Clare Daly: Students’ unions became “totally corporate”

Brendan Fernando Kelly Palenque

Students’ Unions have become totally corporate according to Dublin MEP Clare Daly.

Daly, who previously served as DCUSU president for two years in the 1980s, spoke to The College View about student politics and how it’s changed over the years.

“When I got into the Dáil, we were invited to the Shelbourne hotel the first time and they have these students organised from the different colleges kind of dressed up to shake your hand and tell you with a nice glossy brochure about the six priorities they had – it’s all very American and very corporate,” she said.

“You’re going to change absolutely nothing like that. Obviously they may just be looking for careers for themselves,” she added, “It’s very ineffective actually… I hate that sort of professional lobbying.”

Daly discussed how when she was elected to the Students’ Union she had a policy of bringing the union to the people. At the time, the president was the only sabbatical position within the union.

“The officers had to go out, and we constantly went out and addressed all the classes.
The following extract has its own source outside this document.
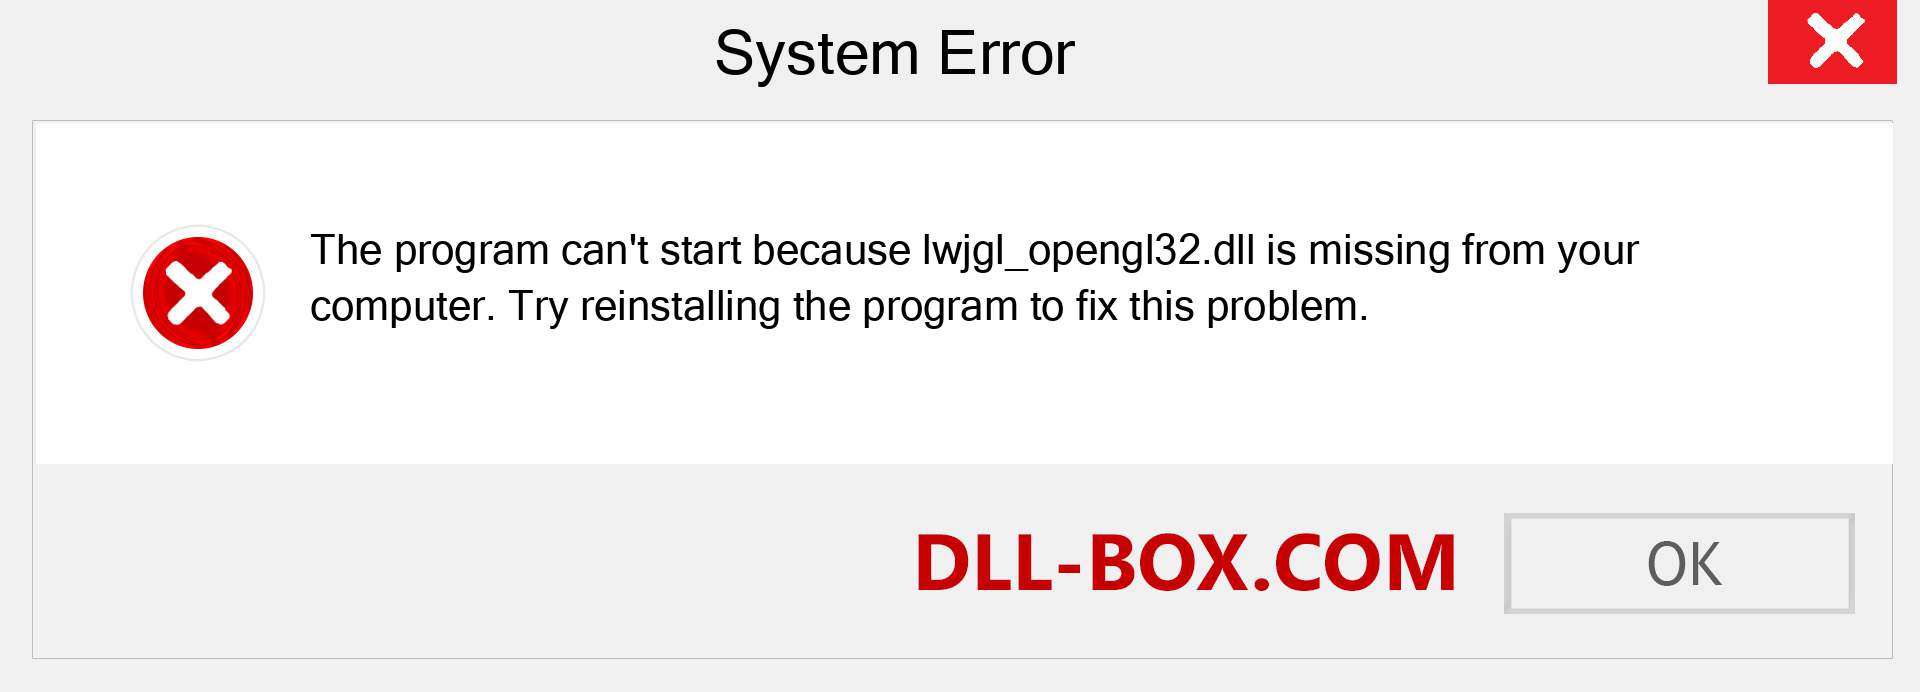  lwjgl_opengl32.dll file is missing?. Download for Windows 7, 8, 10 - Fix  lwjgl_opengl32 dll Missing Error on Windows, photos, images
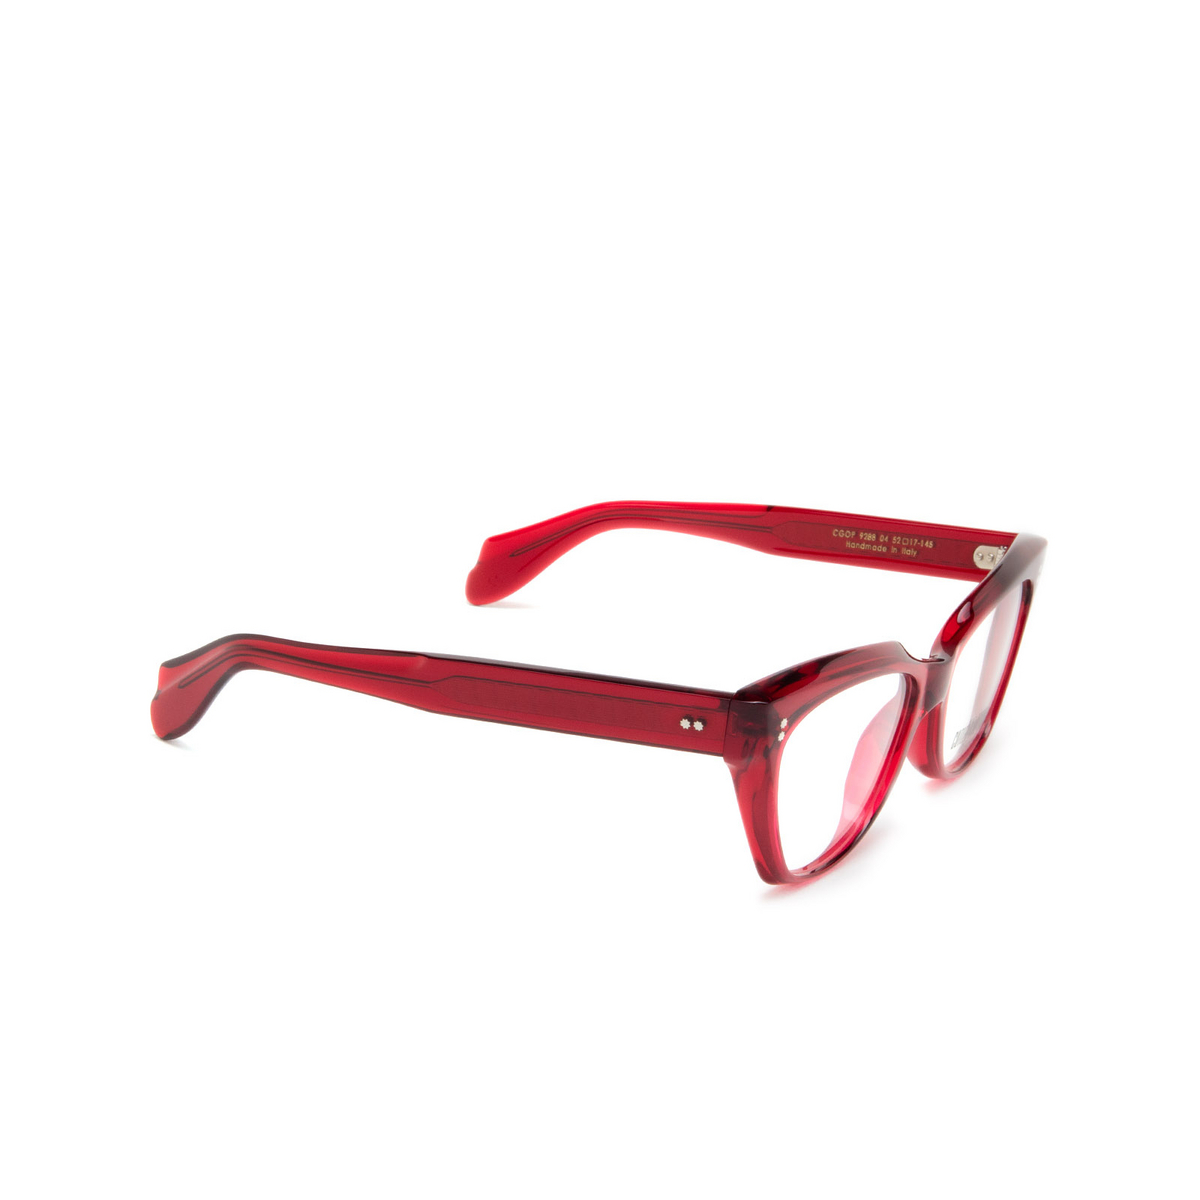 Cutler and Gross 9288 Eyeglasses 04 Crystal Red - three-quarters view

Now I realise it wouldn’t be possible now because it’s so big,” she said.

Staff representatives were also brought in to increase student engagement according to Daly. This would have included Veronica Guerin and Kieran Mulvey.

Daly’s main piece of advice to students’ union now is to get out of the office and talk and listen to people. 

“I do appreciate it’s not as easy when the college gets bigger, but that’s not the reason. It couldn’t be – they have extra resources now, they have stuff we never had,” she said. “Nothing replaces that face to face and you’ve got to keep striving to do that.”

“They’ll only get involved in something if they feel that it’s purposeful. I think that’s why we had so many students mobilised on the same sex marriage and abortion referendum – because they feel their vote would make a difference,” she said.

She explained why it can be difficult at times to get students more involved, what with it being many people’s first time away from home. Additionally, there’s academic pressure as well as new financial burdens.

Student engagement was discussed at the last class representative council (CRC). A class rep surveyed around 200 humanities and education students on St Pat’s campus and found that 95 per cent of students didn’t know what CRC was and what happens at CRC. The five per cent who did were class representatives.